* _INFORMATION SHOWN_:
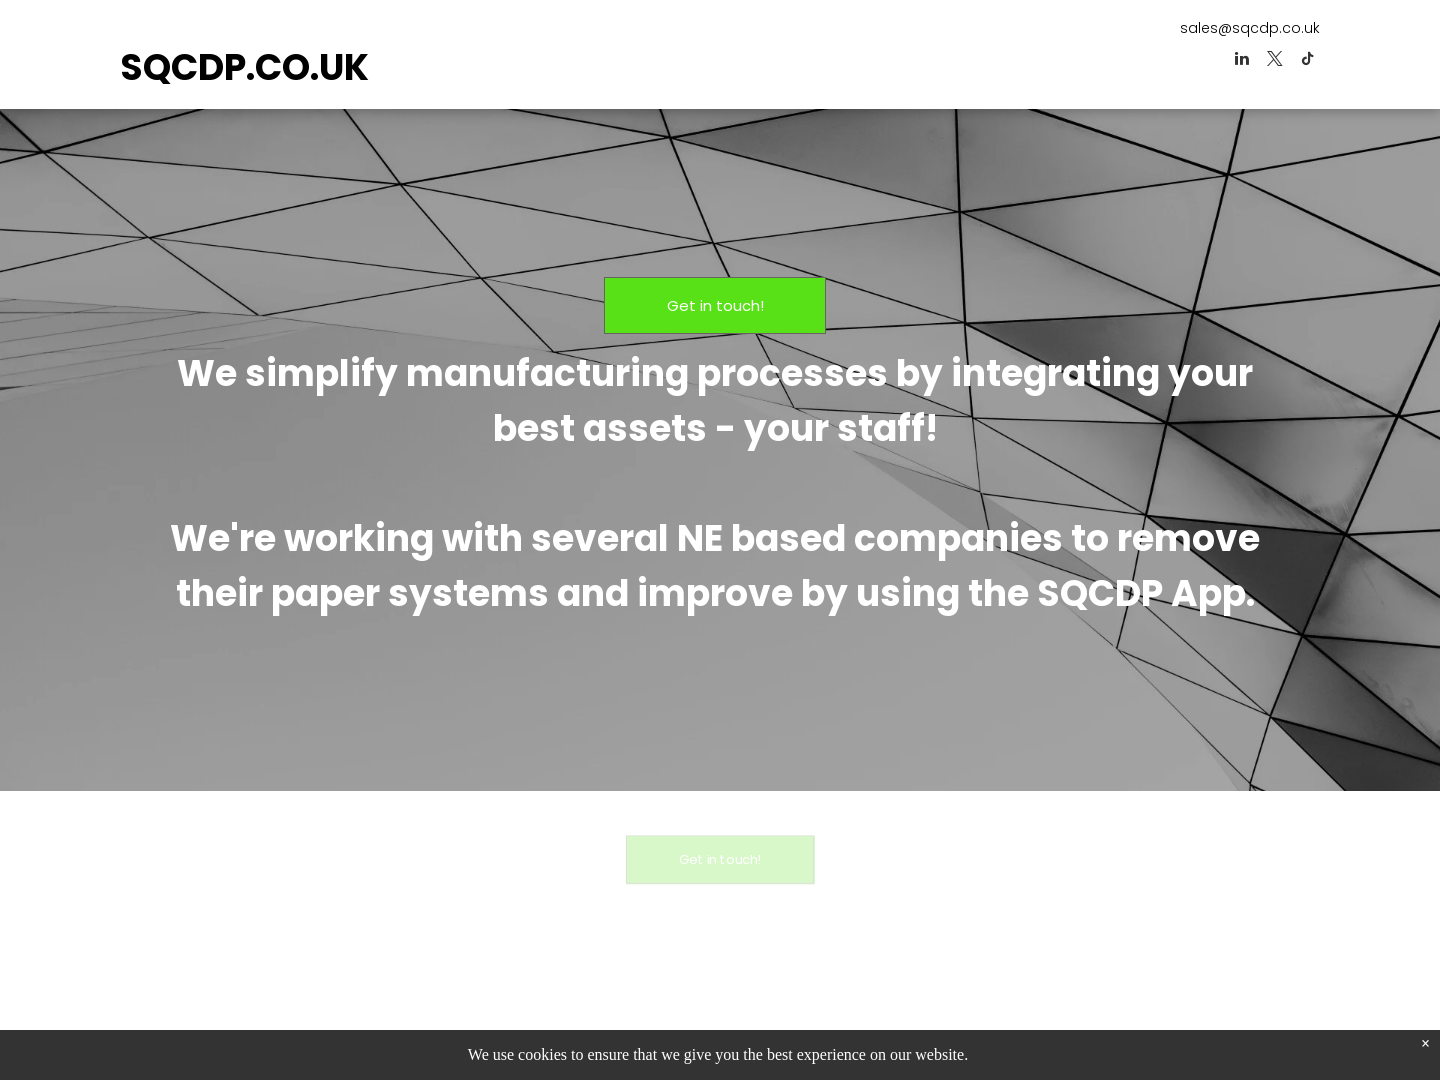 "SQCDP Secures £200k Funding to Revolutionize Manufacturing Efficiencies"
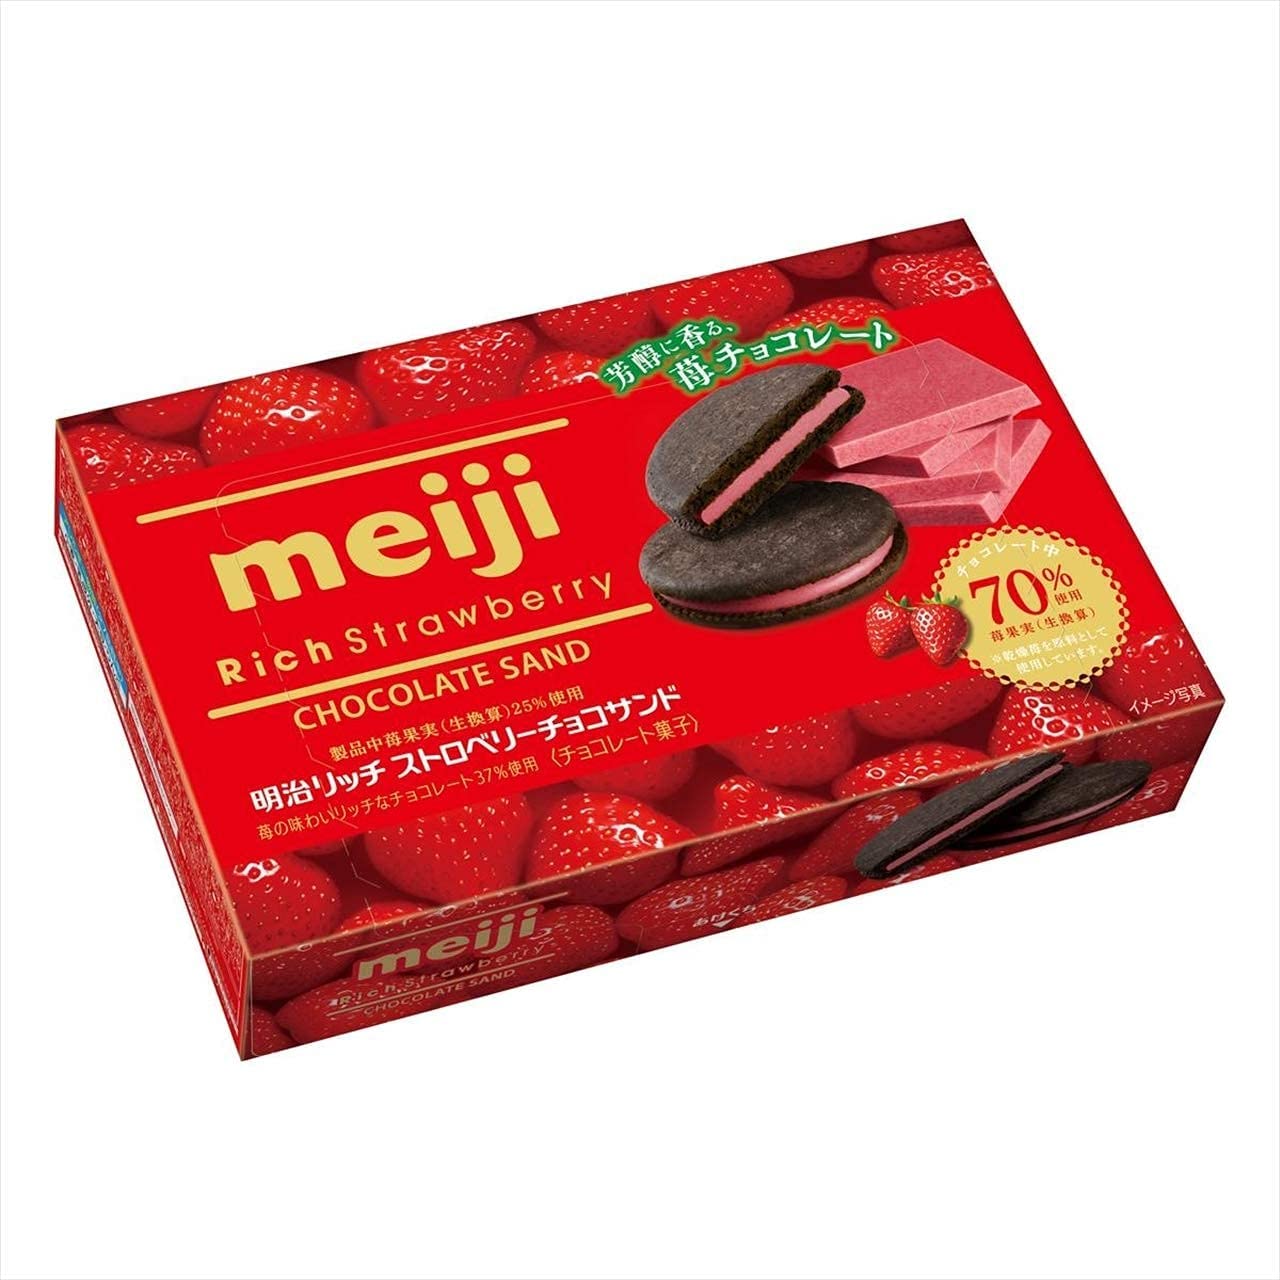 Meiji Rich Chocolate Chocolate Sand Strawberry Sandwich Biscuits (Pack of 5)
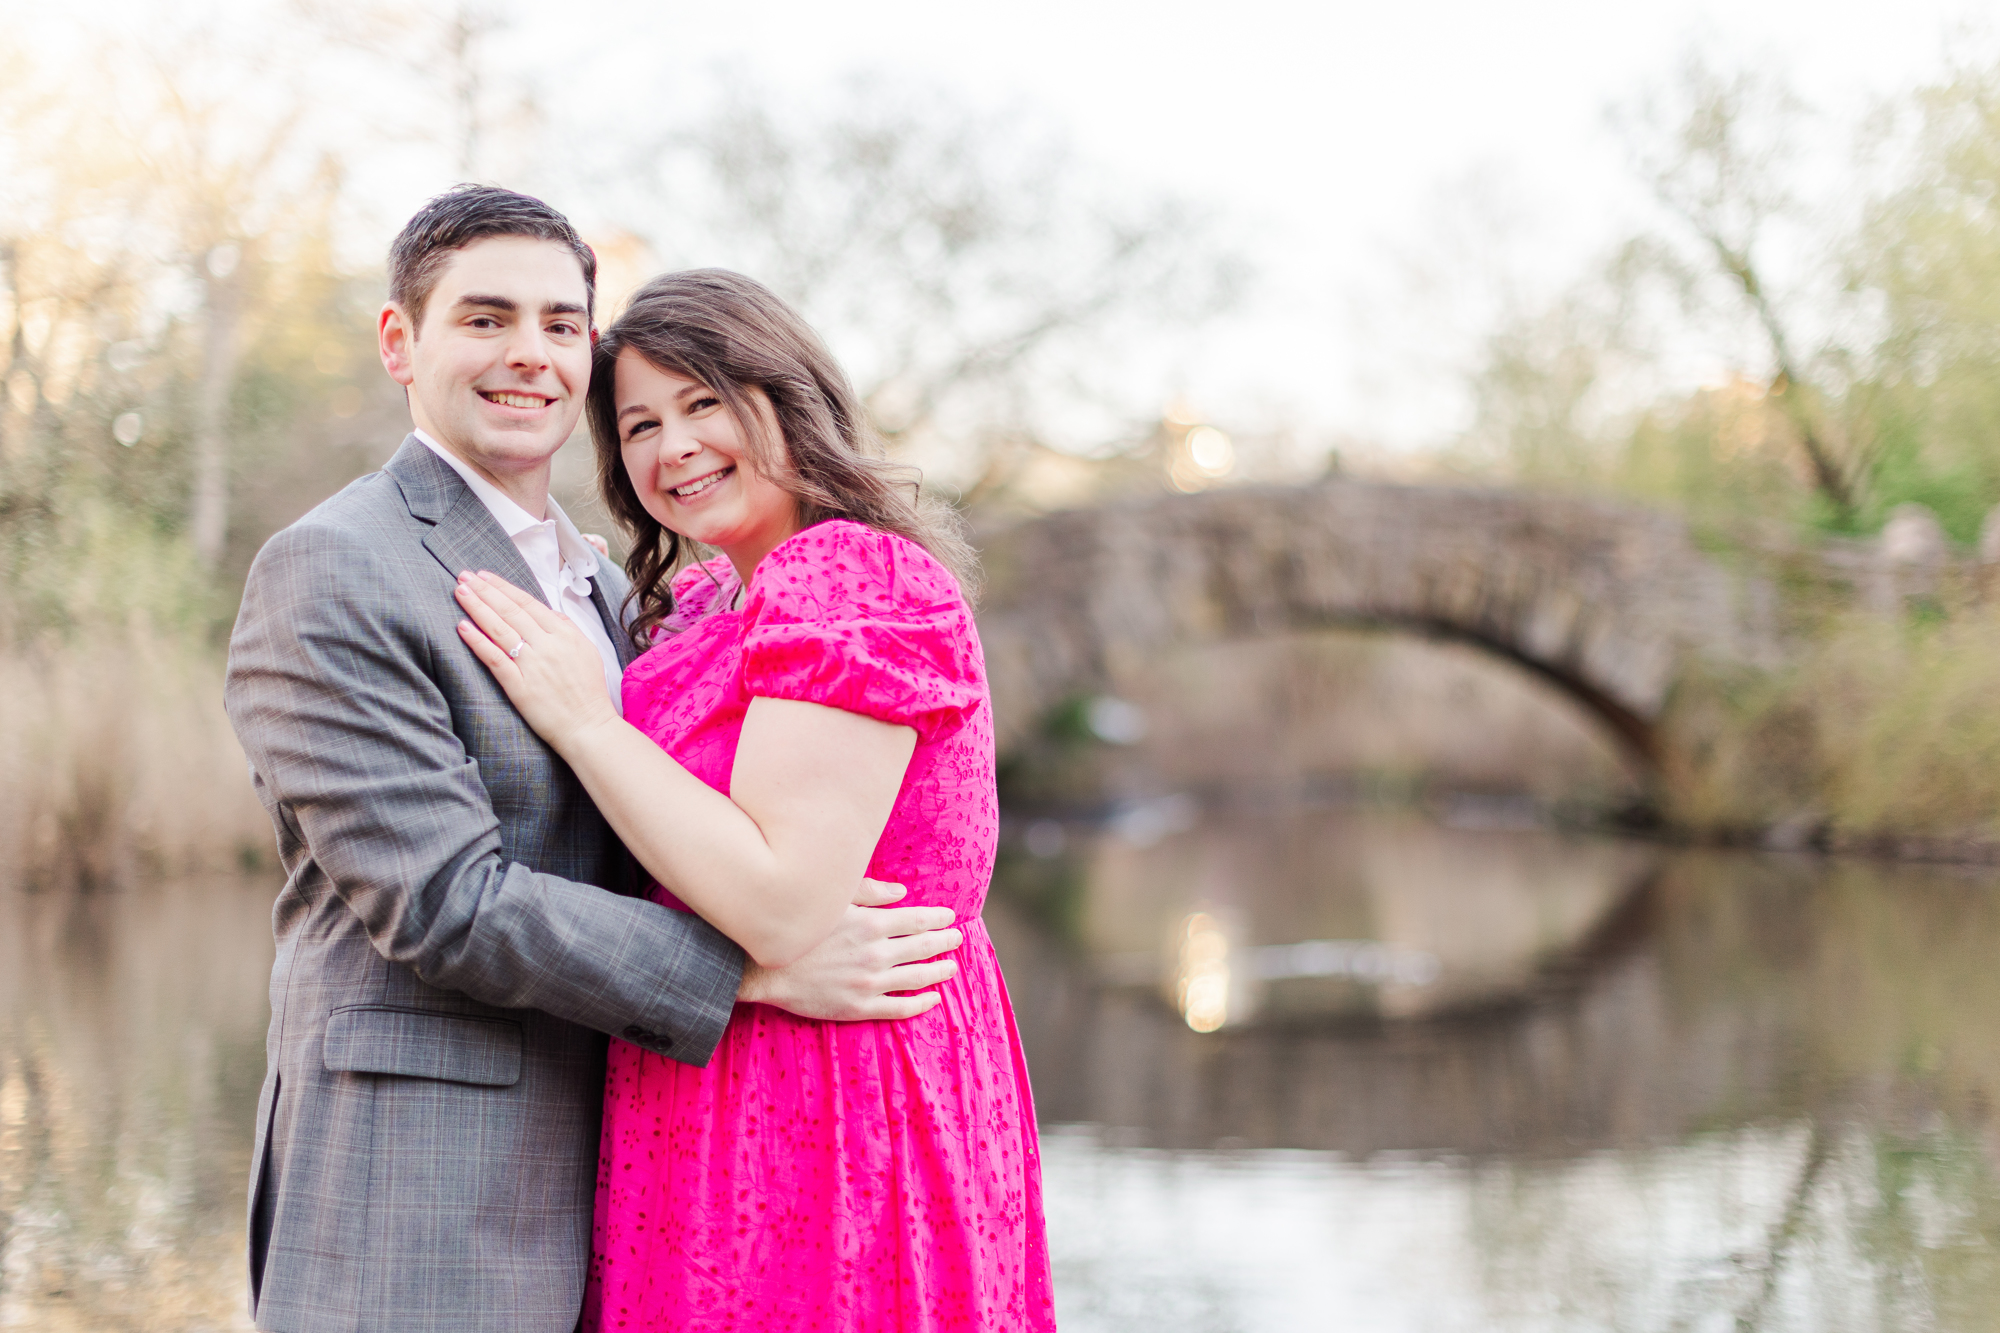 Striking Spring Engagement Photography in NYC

* _WHAT TO WORK ON_: The whole listing must come back verbatim, with no pictures included.

* _ANSWER AREA_:
 "SQCDP Secures £200k Funding to Revolutionize Manufacturing Efficiencies"
 Meiji Rich Chocolate Chocolate Sand Strawberry Sandwich Biscuits (Pack of 5)
 Striking Spring Engagement Photography in NYC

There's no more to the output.